Comparing F# and C# with dependency networks

Fans of different programming languages always argue about benefits of their language of choice. It is difficult to use objective criteria in a debate like this. Terms like 'clarity' or 'maintainability' are too vague and subjective. What if we used some tools from network science to compare projects written in different languages?

In this blog post I use network analysis to investigate how complex dependency graphs are and if they differ between C# and F#. It turns out that F# and C# dependency networks have quite different structures and use different local network patterns. For example, I'll describe specific types of cyclic dependencies that frequently appear only in C# projects.

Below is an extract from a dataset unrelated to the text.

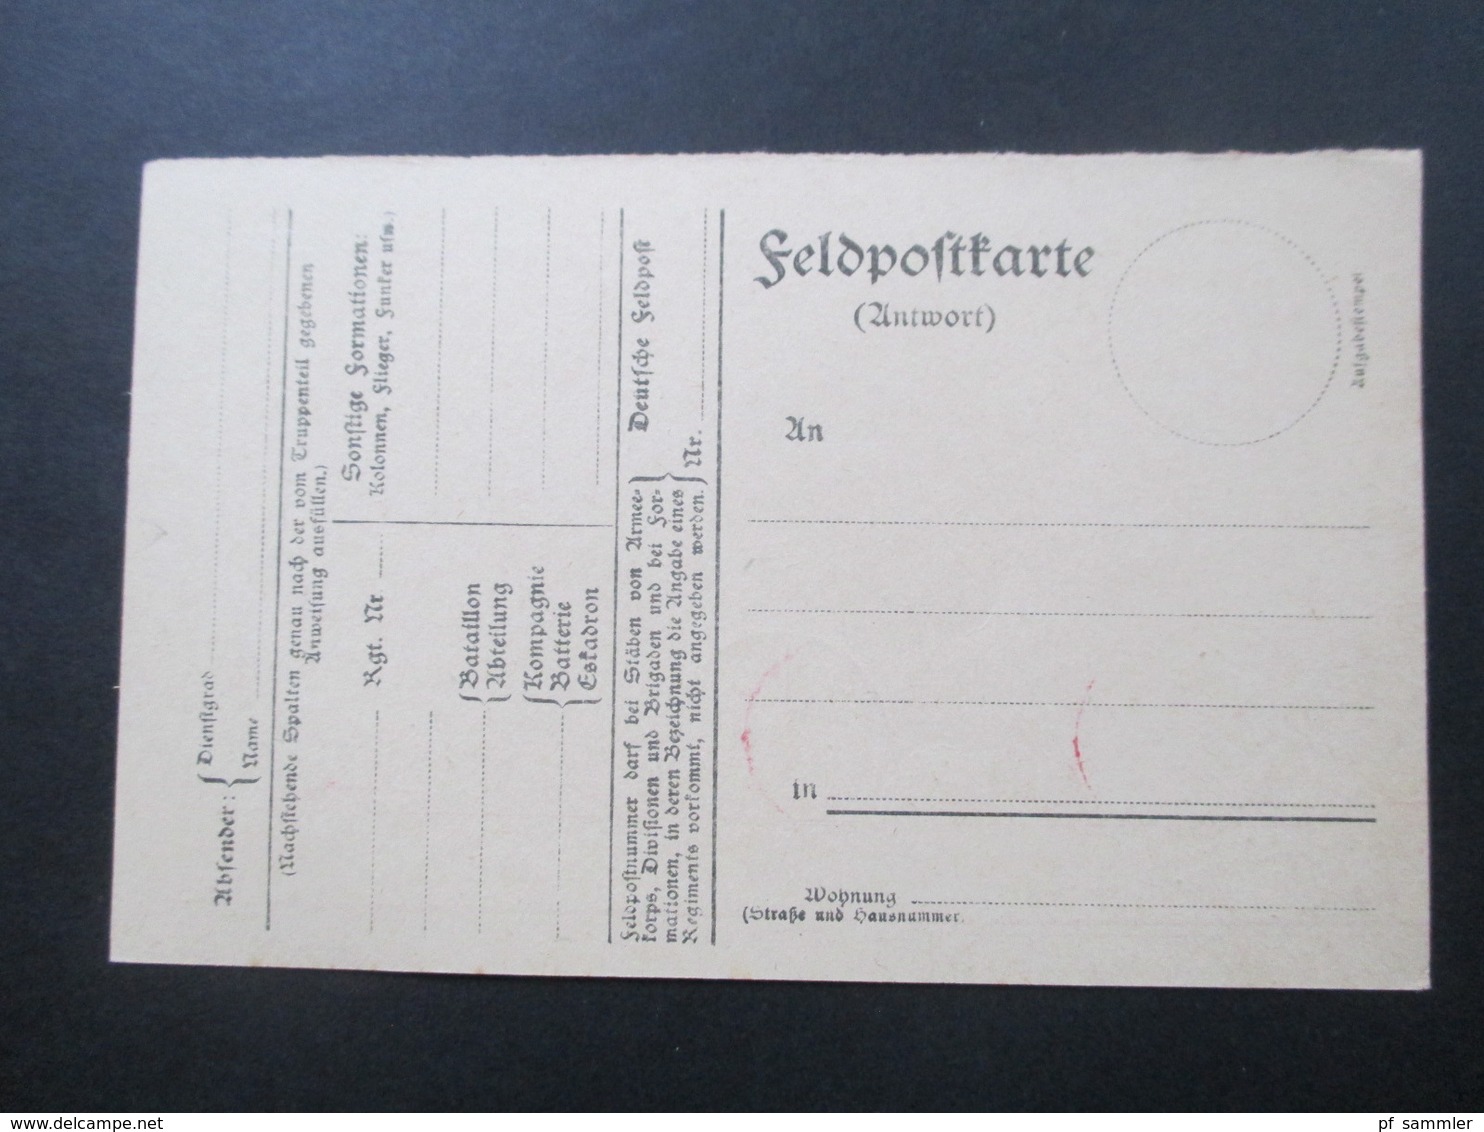 DR 1922 / 23 Infla rote Freistempel Berlin Charlottenburg 9 Karten verschiedene Wertstufen 8 Blankokarten 1x gelaufen!

Examples of motifs on 3 and 4 nodes

This blog post is an addition to an excellent article by Scott Wlaschin on modularity and cyclic dependencies in real-world F# and C# projects Cycles and modularity in the wild. I wanted to look at the same data that Scott extracted in his article but from network analysis perspective.

Dependency networks

For my analysis, I extracted dependency networks from 40 different projects, half of them written in C# and half of them in F#. All the networks come from compiled assemblies that can be downloaded through NuGet. I used similar method as Scott for my analysis. If you want more details, head over to F# for fun and profit for a more detailed description. I'll give just a brief overview here.

Structure of a dependency network

A dependency network is formed by nodes and oriented links between them.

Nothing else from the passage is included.